Deconstruction has always been a guiding force for Fernando Garcia and Laura Kim at Monse. The first look of their first runway show was a mini dress that mimicked a men’s shirt wrapped around the shoulders—a harbinger of things to come. “There’s always that element of undressing,” Garcia says. Fall 2022 adds a new layer to that conceal-and-reveal concept. The key print in the collection is inspired by wheatpaste posters in Paris that were ripped, revealing all the layers of advertisements past underneath. The individual elements of this print—a mishmash of tapestries and ornate florals—also call to mind old aristocratic decor.

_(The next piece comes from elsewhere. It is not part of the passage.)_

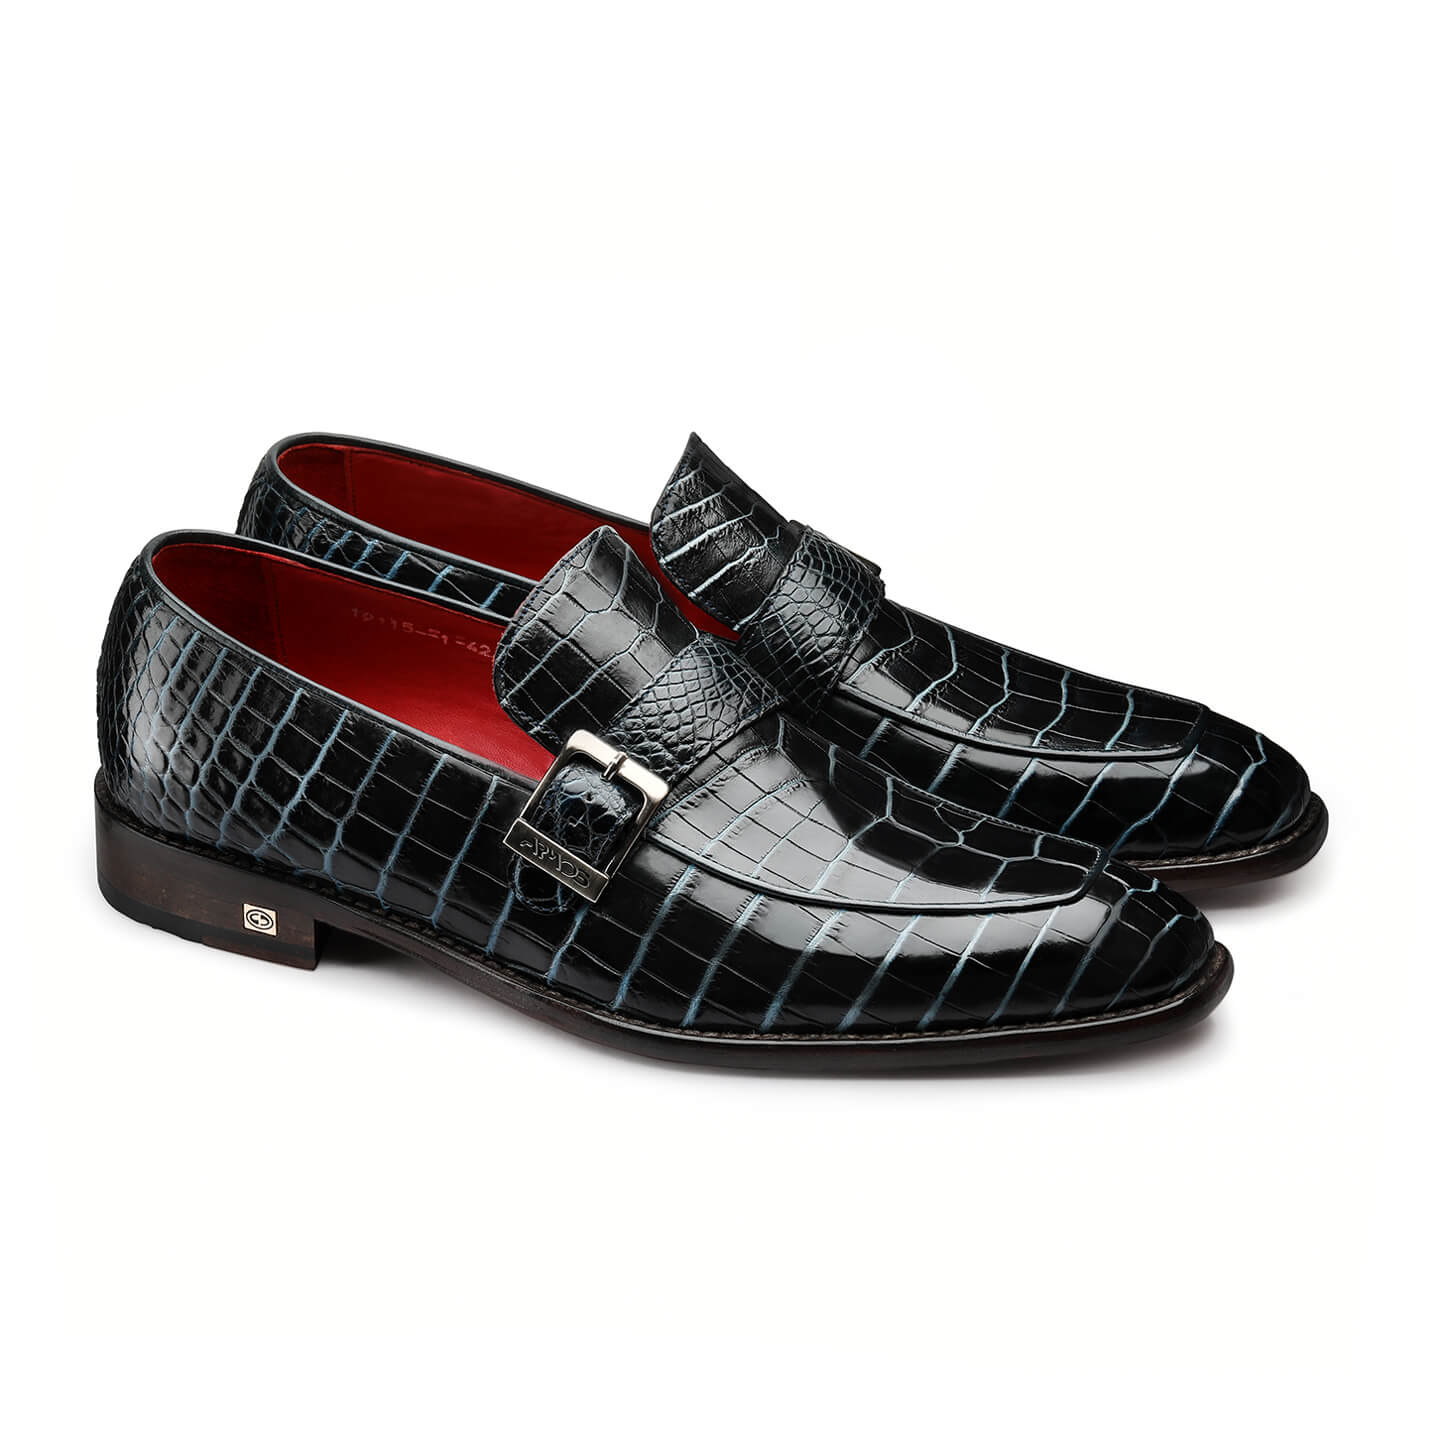 Crocodile leather loafers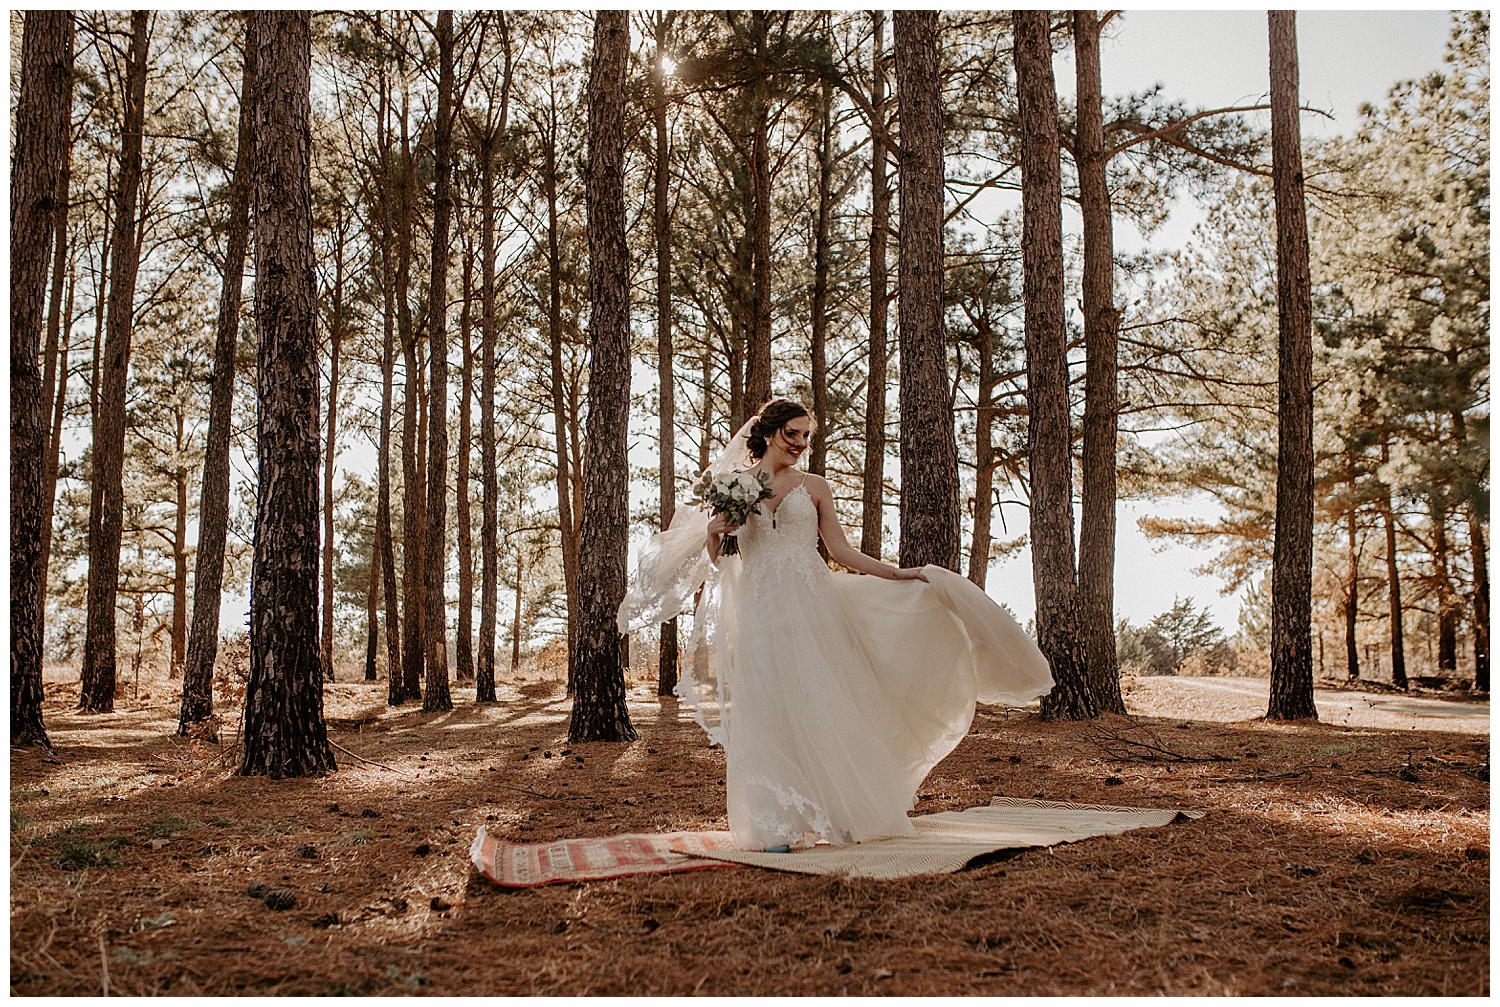 Laken-Mackenzie-Photography-Cheyenne-Bridal-Session-Dallas-Fort-Worth-Wedding-Photographer16.jpg

In fact, Tudor England also influenced this season, which is evident in the corsets. Done up in sheer black mesh and jersey, it all feels youthful, with a little punk undercurrent. Some of the dresses and sweaters have potential cutouts that can be exposed or closed via hook-and-eye closures. A dress with a red houndstooth skirt and a leather bodice is separated at the empire-waist by such hooks; the wearer can choose how much or how little they want to reveal. Similarly, the moto jackets have sleeves that can be unzipped to show a little shoulder, or a sliver of sweater.
The most classically Monse item is the closing black dress, which features a triangle of a beige corset. Complete with laces up the front and at the shoulder, it stops short of being fussy. Maybe because the ties end in metal aglets like shoelaces, it looks glamorous, yet relaxed.